**Problem to solve**: In your copy of the data, keep every word exact and include no pictures.

**Source material**:

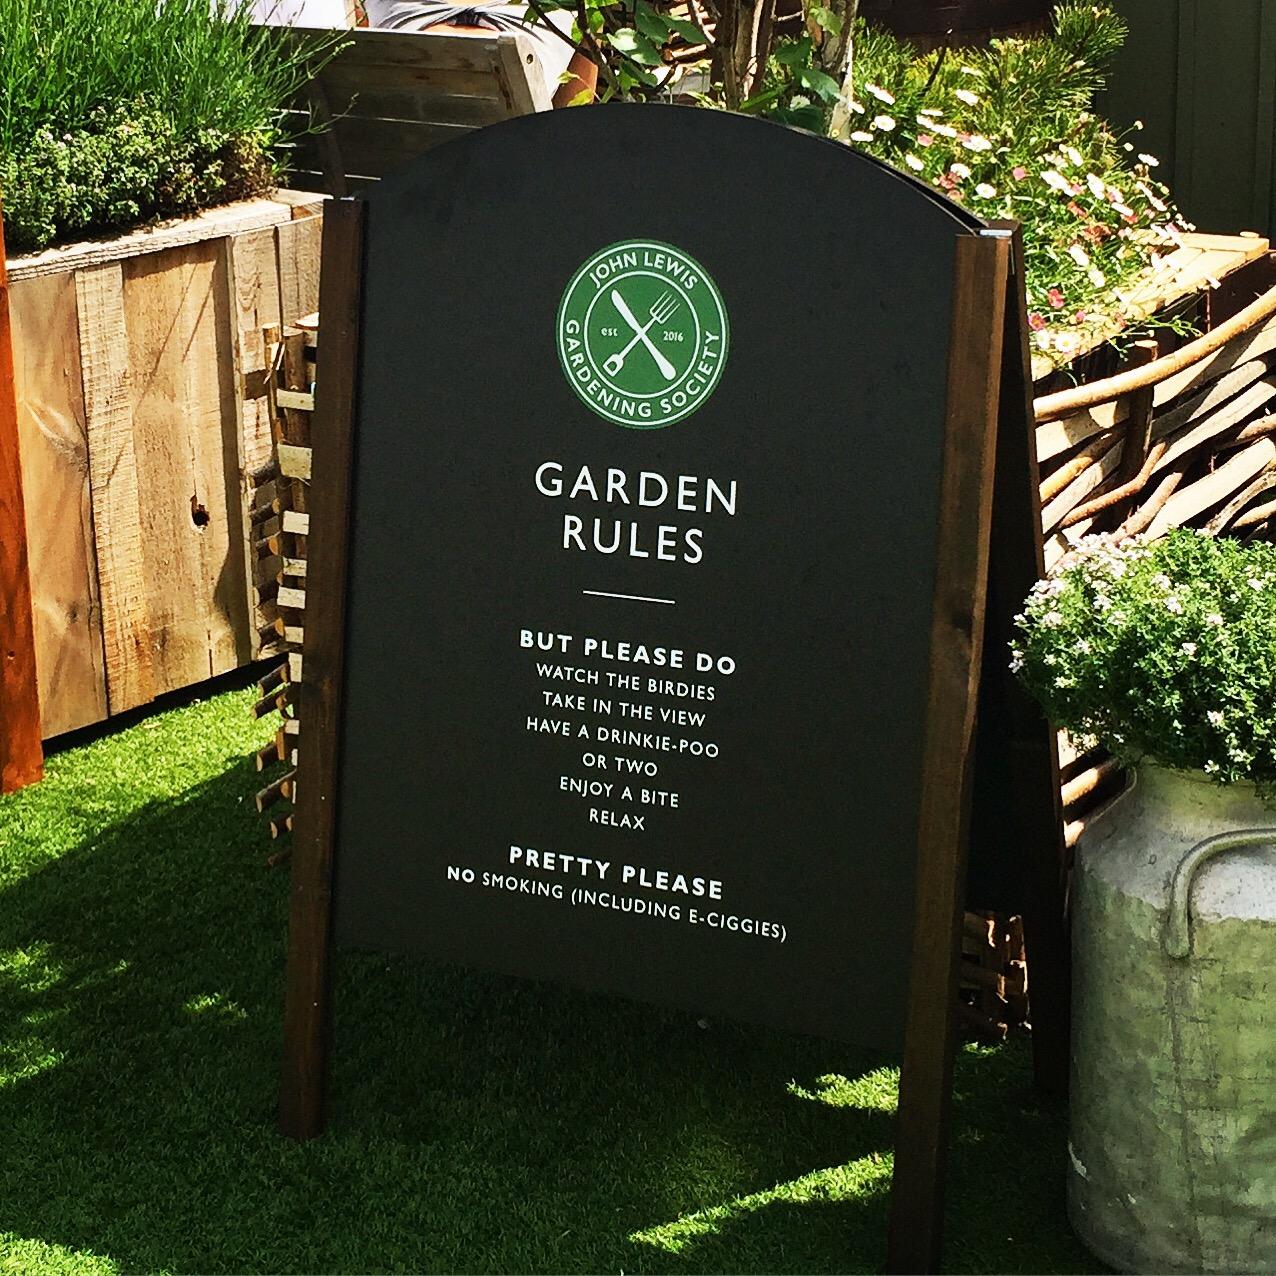 Garden Sheds John Lewis do! john lewis gardening society – the london checklist
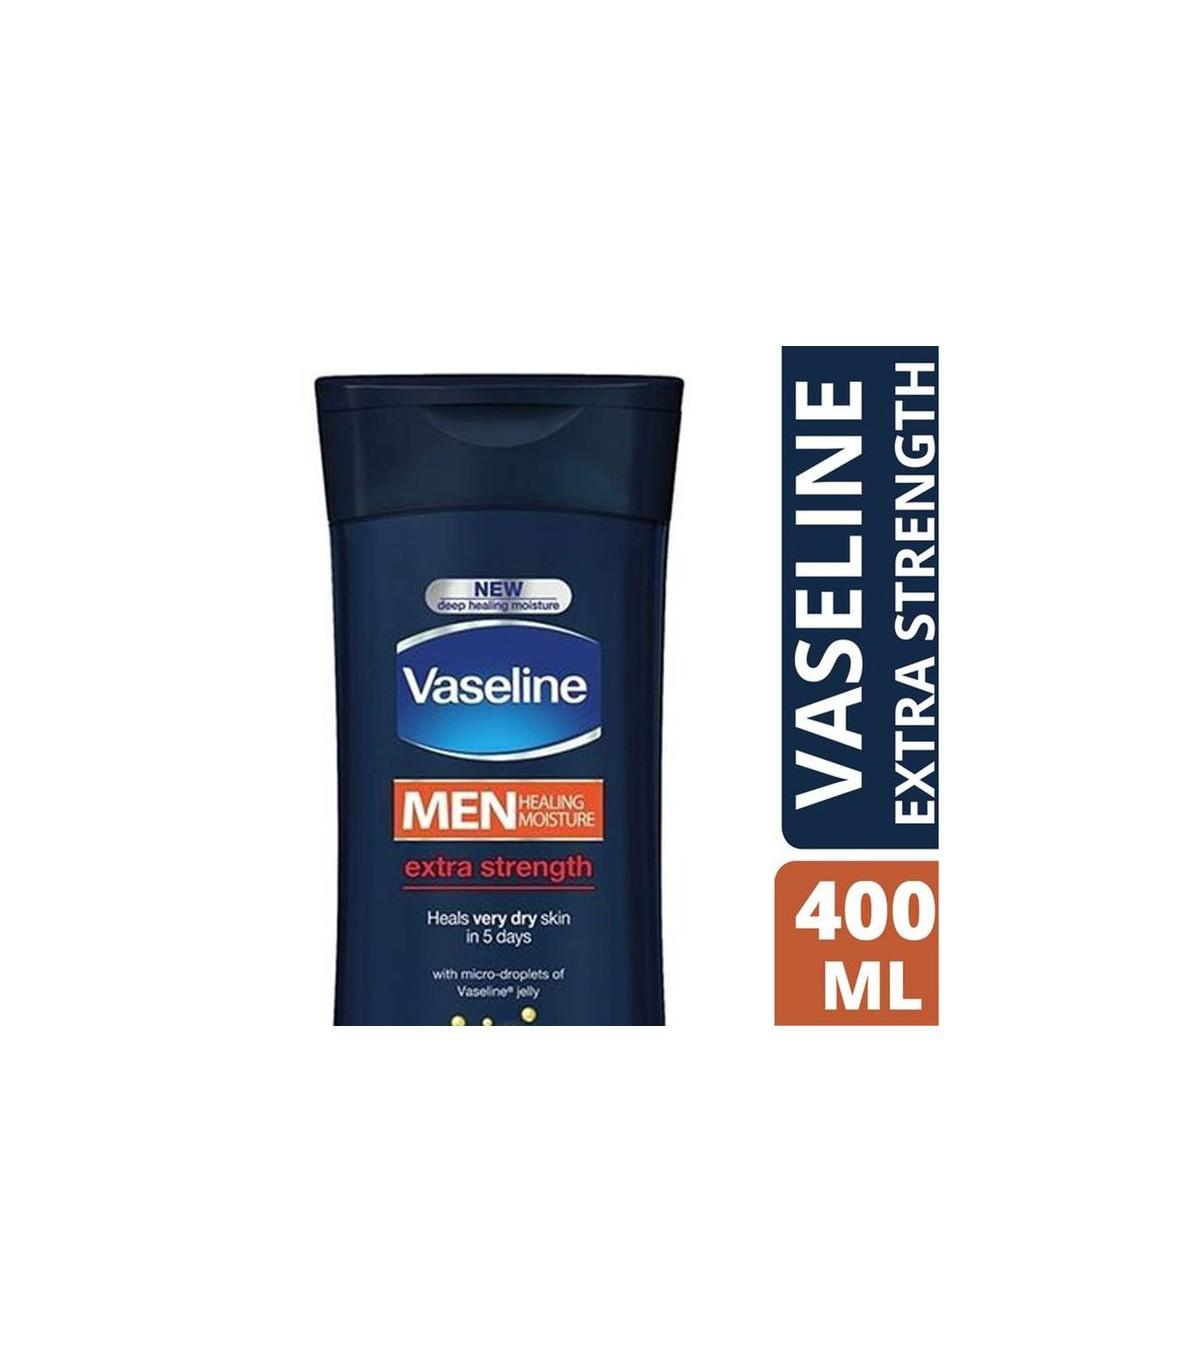 Vaseline لوسیون بدن مردانه فوق قوی 400 میل وازلین
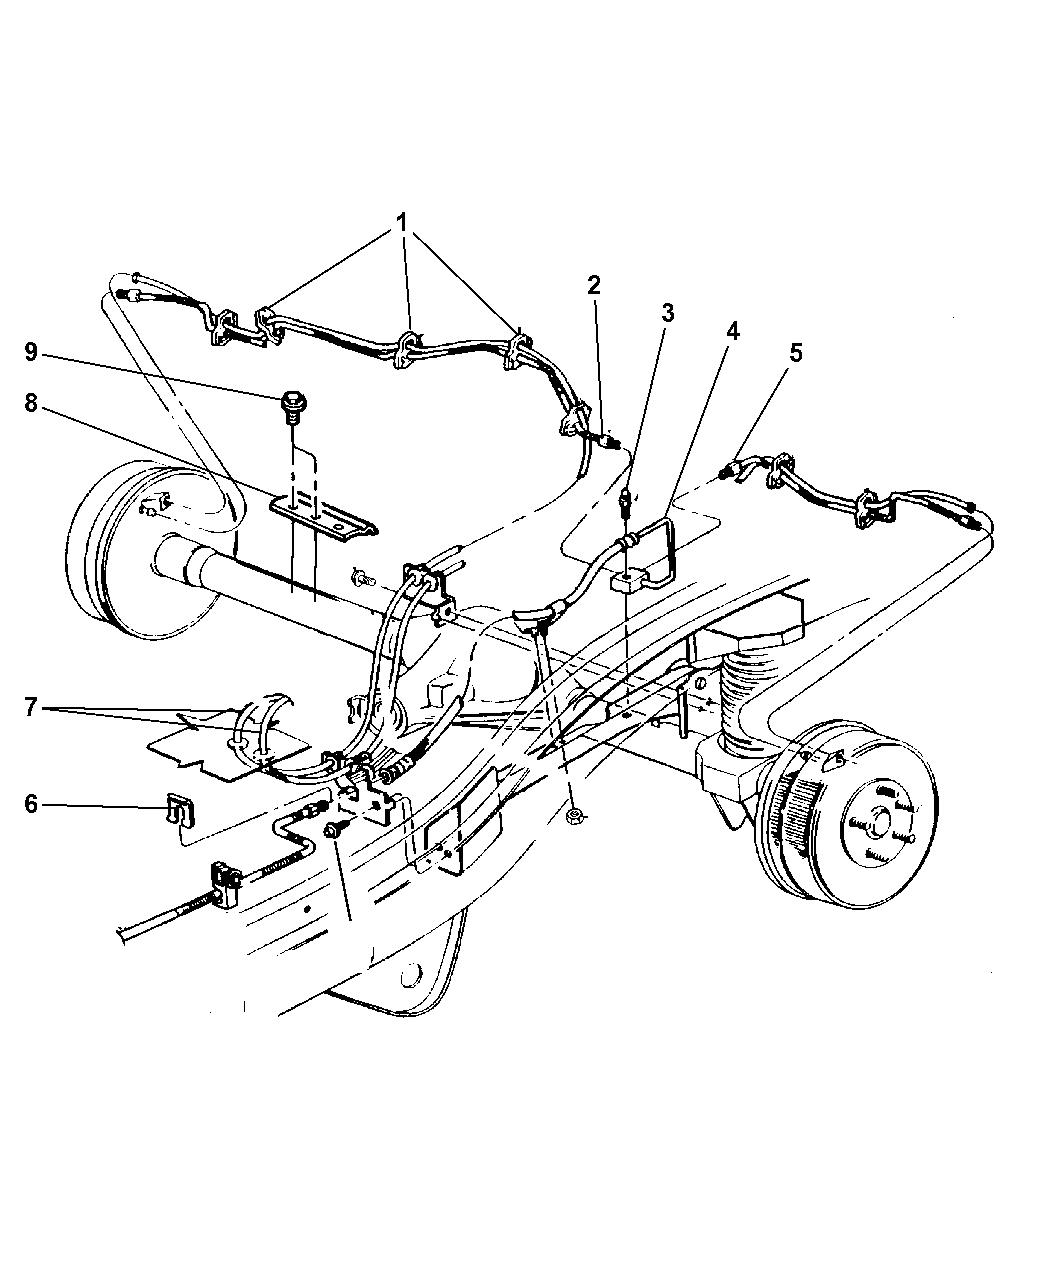 52130025 genuine mopar line brake 1990 Jeep Cherokee Rear Brake Diagram 2001 jeep cherokee brake lines \u0026 hoses, rear
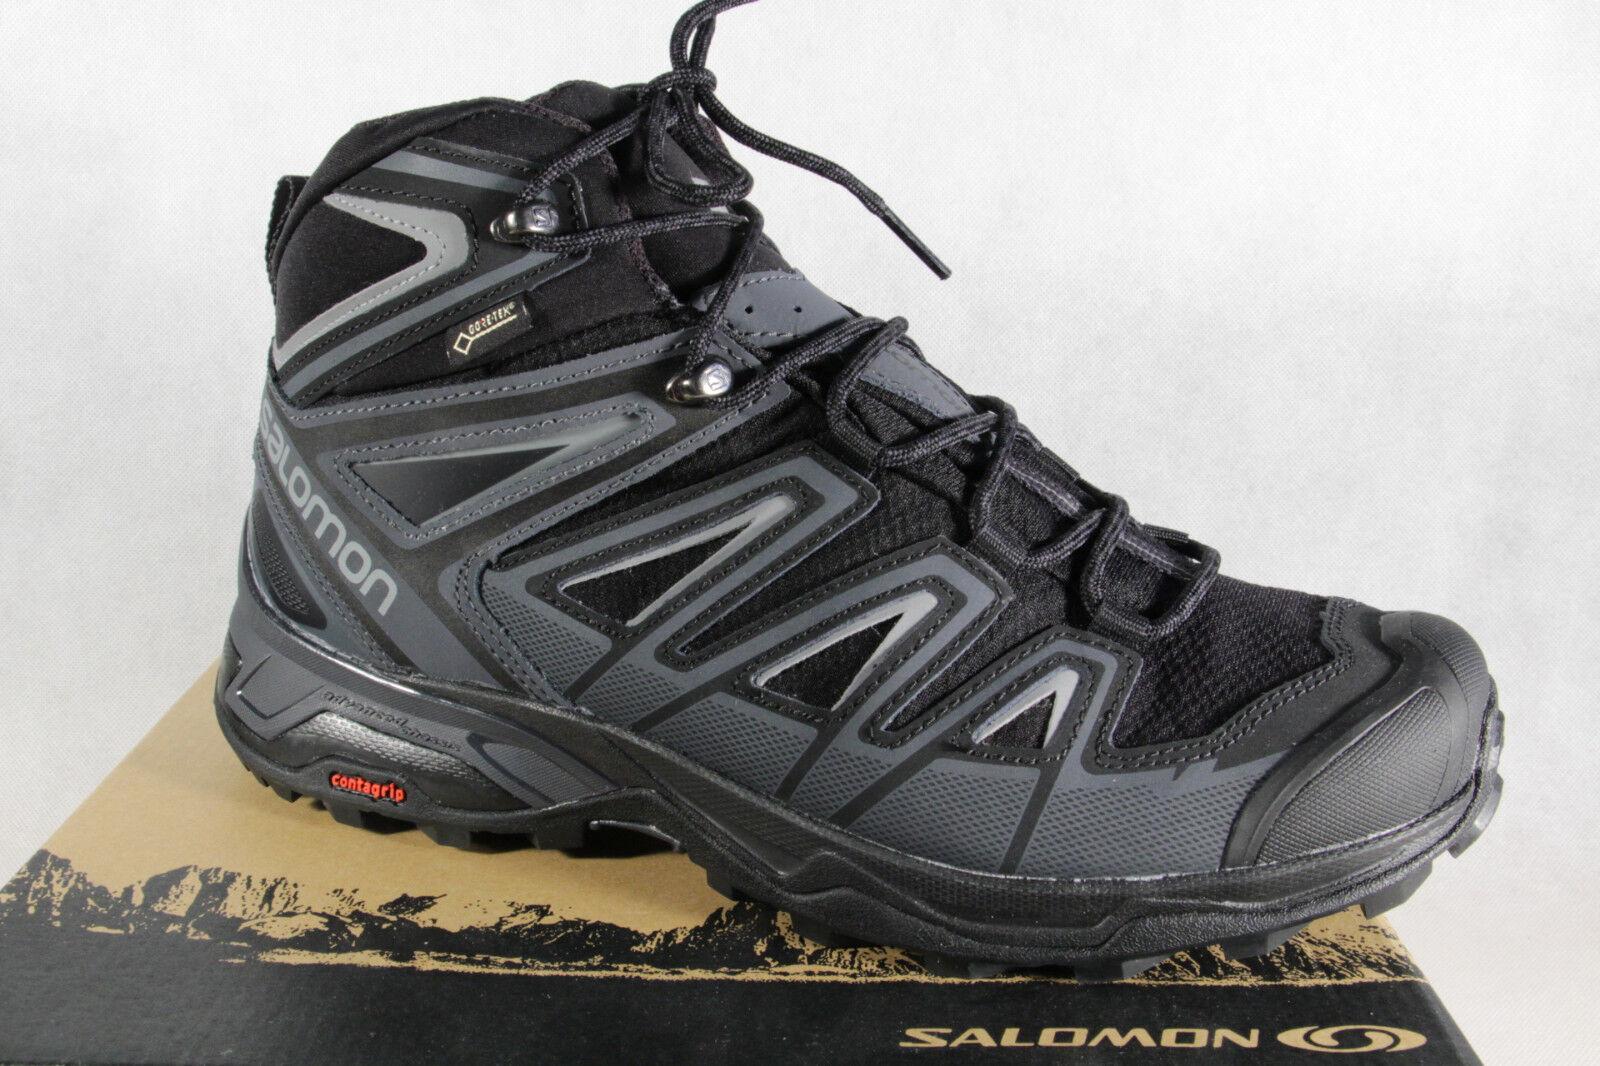 Salomon Stiefel Stiefel GTX X Ultra 3 MID GTX Stiefel schwarz/ grau wasserdicht Gore-Tex NEU d17db1

**Solution to the problem**:
 Garden Sheds John Lewis do! john lewis gardening society – the london checklist
 Vaseline لوسیون بدن مردانه فوق قوی 400 میل وازلین
 52130025 genuine mopar line brake 1990 Jeep Cherokee Rear Brake Diagram 2001 jeep cherokee brake lines \u0026 hoses, rear
 Salomon Stiefel Stiefel GTX X Ultra 3 MID GTX Stiefel schwarz/ grau wasserdicht Gore-Tex NEU d17db1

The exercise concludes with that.